By Lytal, Reiter, Smith, lvey & Fronrath

can you sue the military for medical malpractice

You can sue the military for medical malpractice, but the process is more complicated than filing a claim against a civilian doctor or hospital. If this happens to a civilian, it’s fairly easy for them to file a claim for medical malpractice against the doctor and the medical facility where the malpractice occurred. The federal government and military have certain levels of protection against lawsuits and specific protocols in place for individuals who have been harmed by medical negligence to file a claim.

Military medical malpractice cases are more complex, but you still have the right to sue if you’ve been harmed. Working with a West Palm Beach medical malpractice lawyer familiar with litigating claims under the Federal Tort Claims Act is your best chance of filing a military medical malpractice claim.

What is medical malpractice?

Medical malpractice occurs when a doctor, nurse, or other medical professional fails to provide the standard level of medical care expected in their field. This failure to provide the appropriate level of care leads to harm to the patient.

The harm caused by medical malpractice can take many forms. It might be direct, like a surgical error, a medication mistake, or a procedure gone wrong. It can also result from something less obvious, like a missed diagnosis or a misdiagnosis. In those cases, the delay in getting the right treatment can make a health condition worse or reduce the chances of recovery.

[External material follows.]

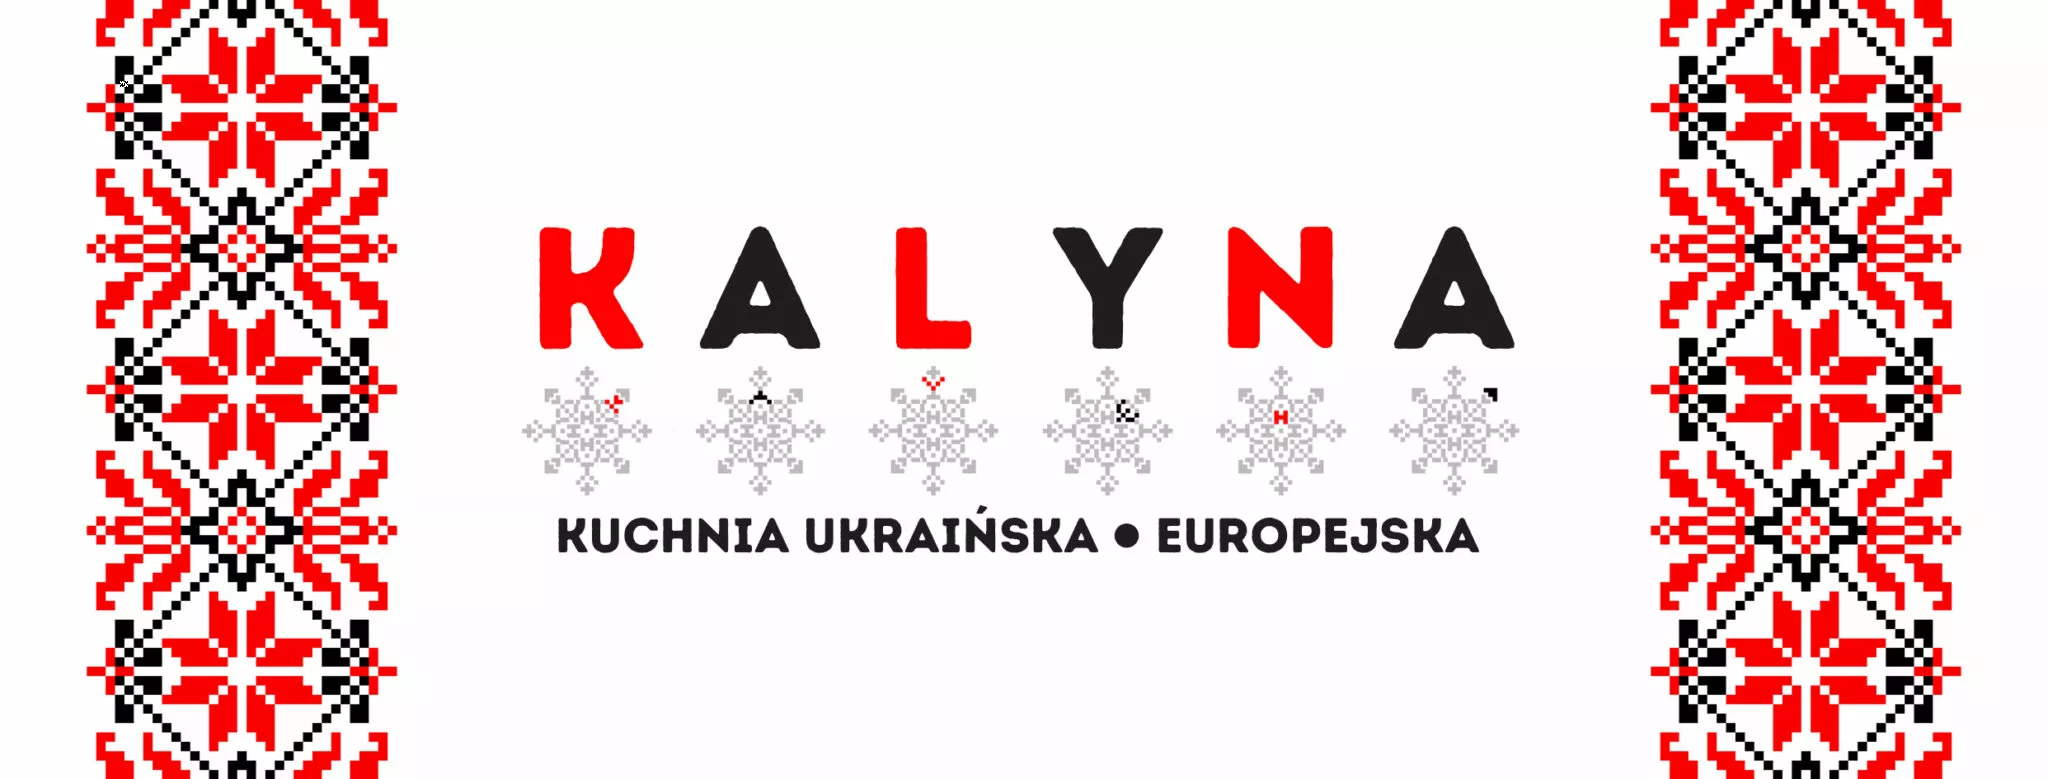 Ukraińcy otworzyli w Lublinie restaurację »Kalyna«. Polacy oburzeni!
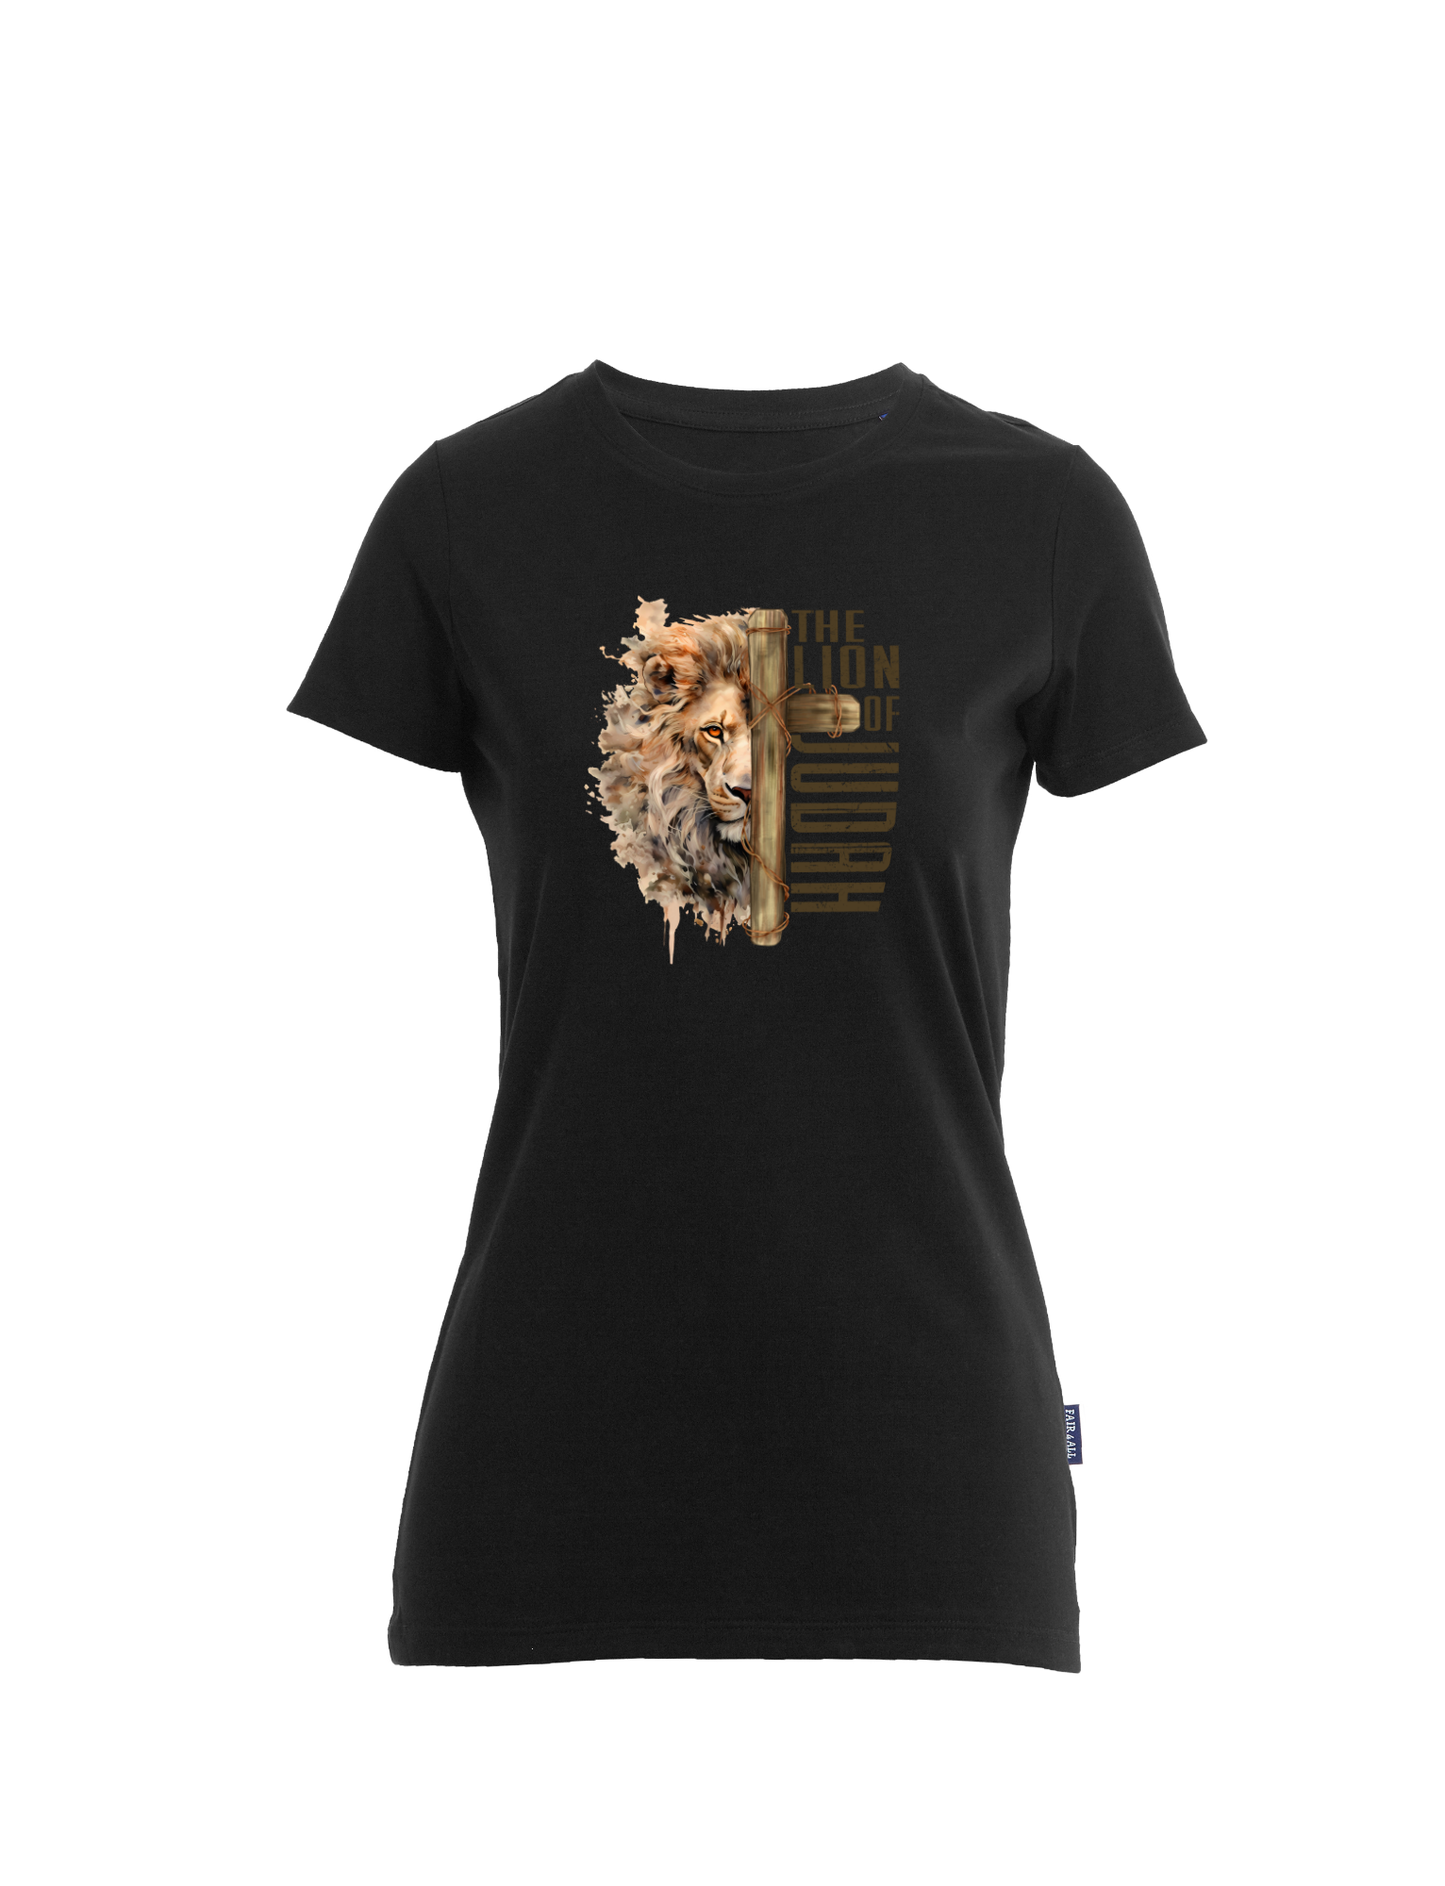 The Lion of Judah - T-Shirt Damen - großer Aufdruck

Millions of Americans receive healthcare through the military, including active duty personnel, veterans, and their dependents. Many of the providers at military treatment facilities are military members or government employees and, as such, are covered by the Federal Tort Claims Act (FTCA) if they are named as defendants in military medical malpractice claims. So, it’s important to understand what the FTCA is and how it affects your right to sue the military for medical malpractice.

The Federal Torts Claims Act

The FTCA is a body of laws that addresses the liability of the United States federal government in medical malpractice lawsuits. Per the FTCA, the U.S. federal government is the defendant in lawsuits involving military malpractice, not the individual provider or military hospital.

The FTCA also sets forth the process for filing a military malpractice claim. First, potential plaintiffs must notify the United States District Attorney and the Attorney General of the United States that they are filing a claim for personal injuries and the exact amount of compensation (both economic losses and pain and suffering) they’re seeking.

Once the administrative claim is filed, the government has six months to conduct an investigation. If the government does not complete the investigation and decide on the pending claim by the end of the six-month period, the plaintiff may file an FTCA claim in federal court.

There is also a short statute of limitations for filing an FTCA claim: two years from the date of the injury (or the date at which it would be reasonable to expect the injury to be noticed). If you don’t file your notification of intent to sue under the FTCA guidelines within that time frame, you effectively lose your right to sue.

Who can sue the military for medical malpractice?

Active-duty military members cannot file a lawsuit for medical malpractice if the practitioner in question is an active-duty military member or another agent of the U.S. government. Under the Feres Doctrine, members of the armed forces cannot file a claim against the federal government.

There are some narrow exceptions to the Feres Doctrine. Active-duty military personnel who receive treatment at a non-military facility or from a non-governmental or active-duty provider can file a medical malpractice claim as a private citizen, following the same procedures as any other plaintiff.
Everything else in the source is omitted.